━━ RECORDED INFORMATION ━━

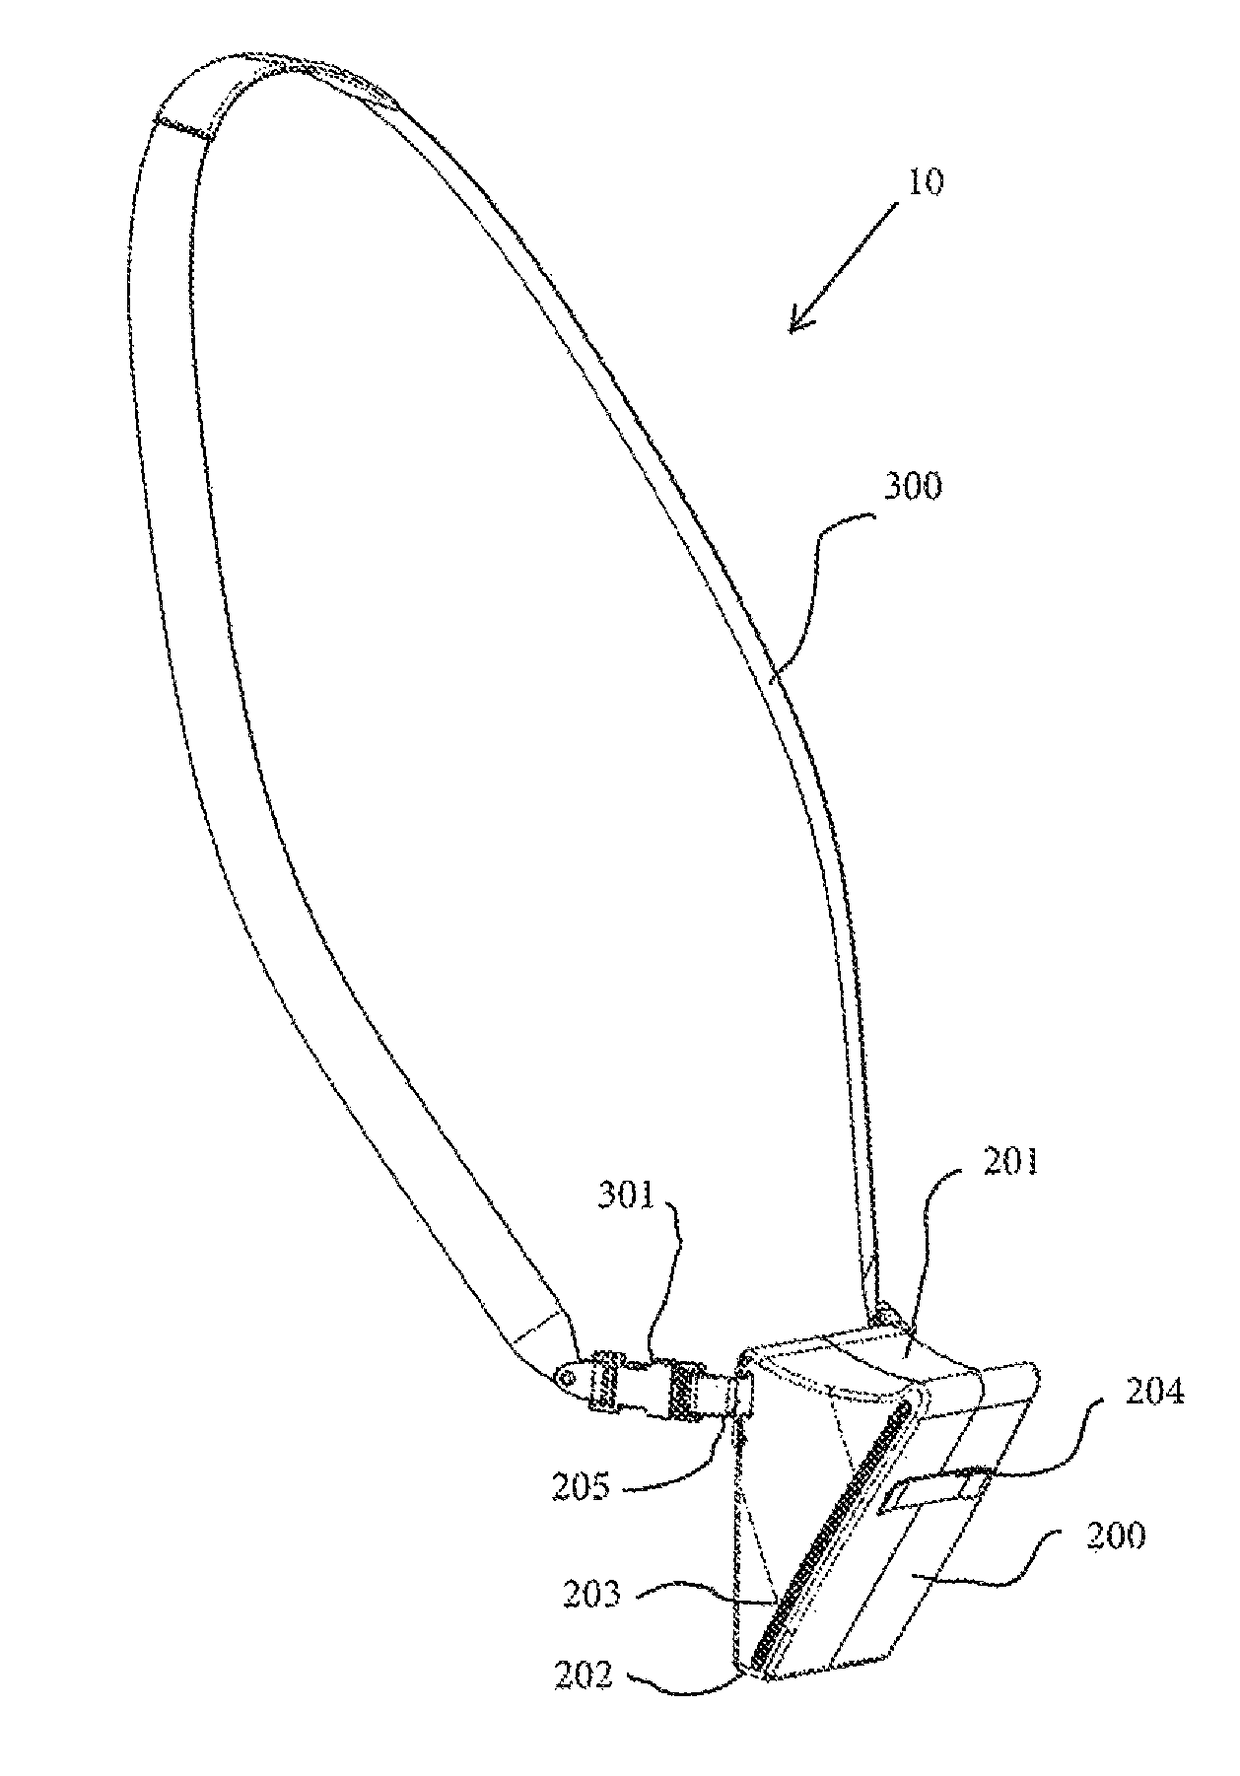 Hip extension device adapted for carrying objects
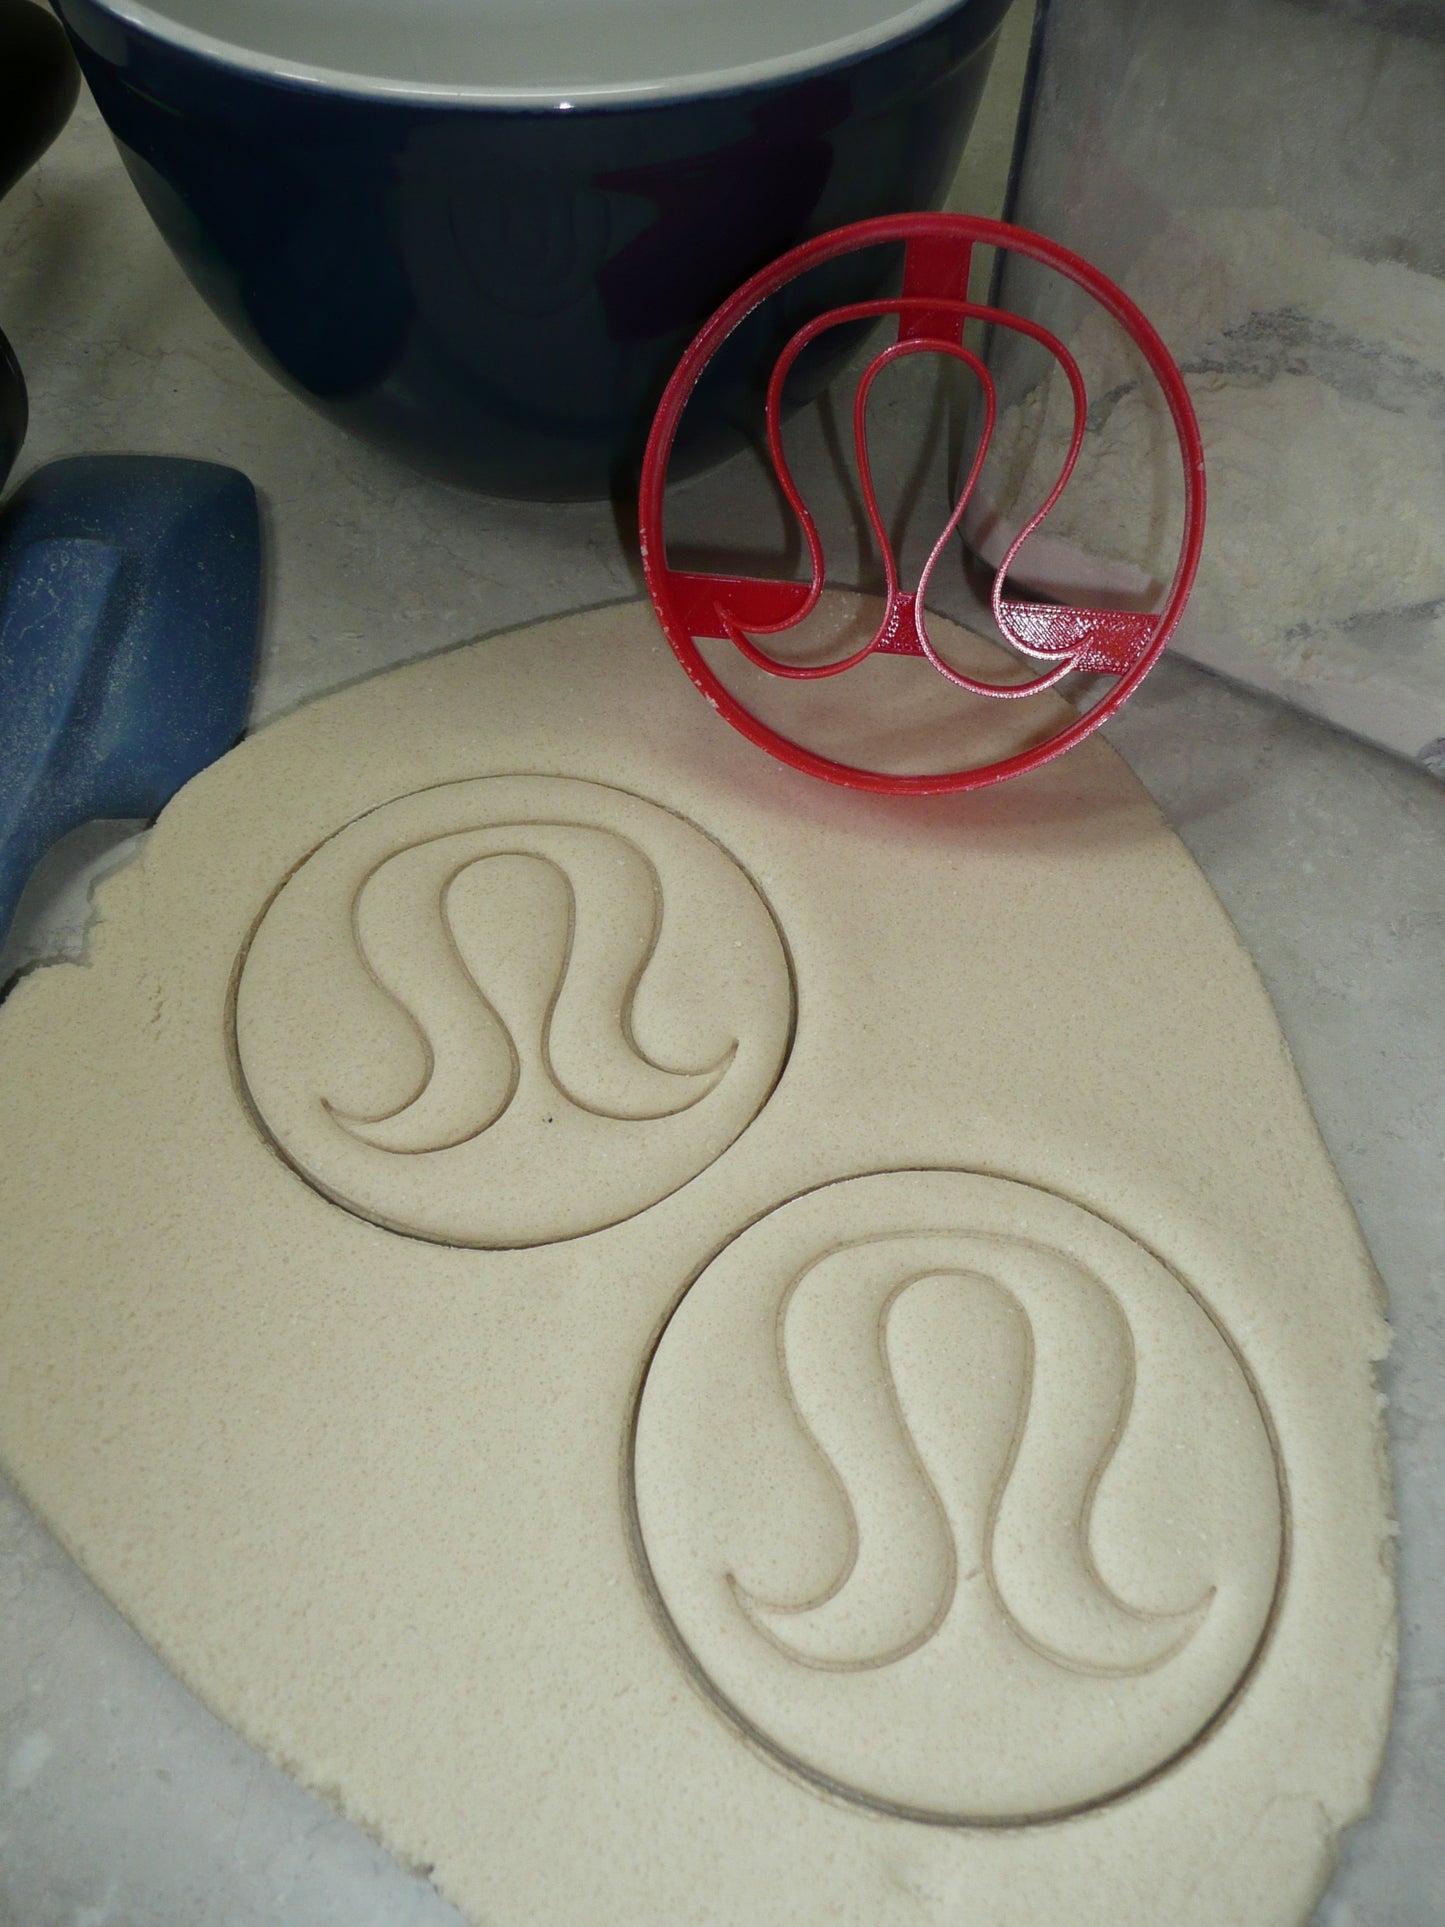 Lululemon Athletic Fitness Apparel Cookie Cutter Made in USA PR4757
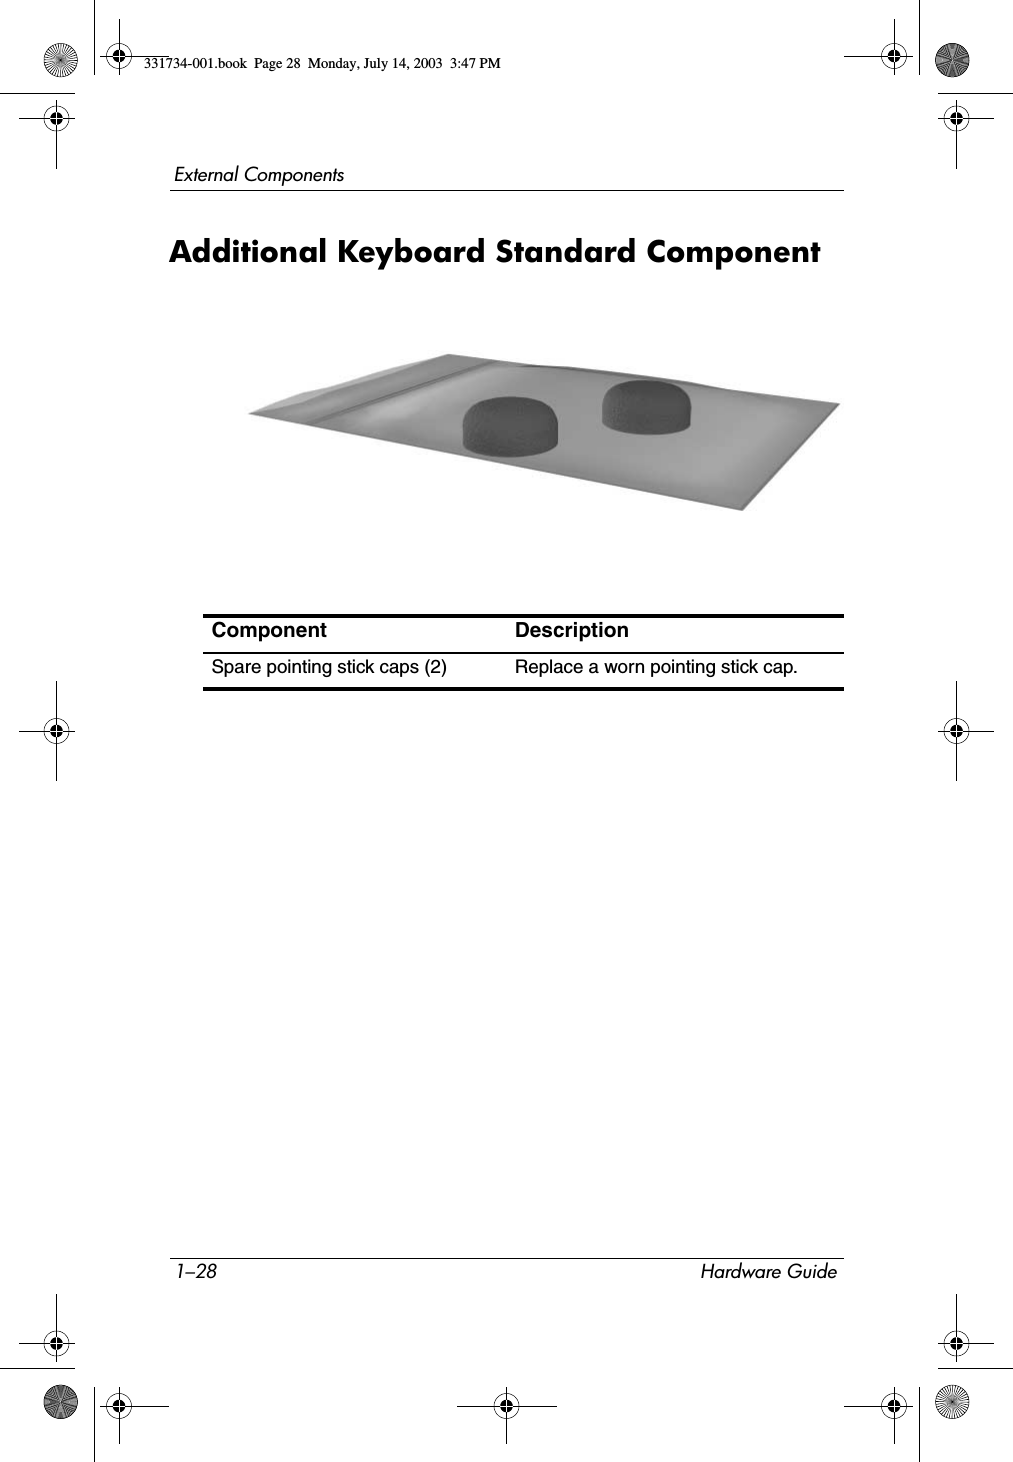 1–28 Hardware GuideExternal ComponentsAdditional Keyboard Standard ComponentComponent DescriptionSpare pointing stick caps (2) Replace a worn pointing stick cap.331734-001.book  Page 28  Monday, July 14, 2003  3:47 PM

━━━

=== TASK DETAILS ===
Whenever a picture appears in the listing, leave it out; copy everything else exactly.

=== SOLUTION TO THIS PROBLEM ===
 Hip extension device adapted for carrying objects
 Lululemon Athletic Fitness Apparel Cookie Cutter Made in USA PR4757
 1–28 Hardware GuideExternal ComponentsAdditional Keyboard Standard ComponentComponent DescriptionSpare pointing stick caps (2) Replace a worn pointing stick cap.331734-001.book  Page 28  Monday, July 14, 2003  3:47 PM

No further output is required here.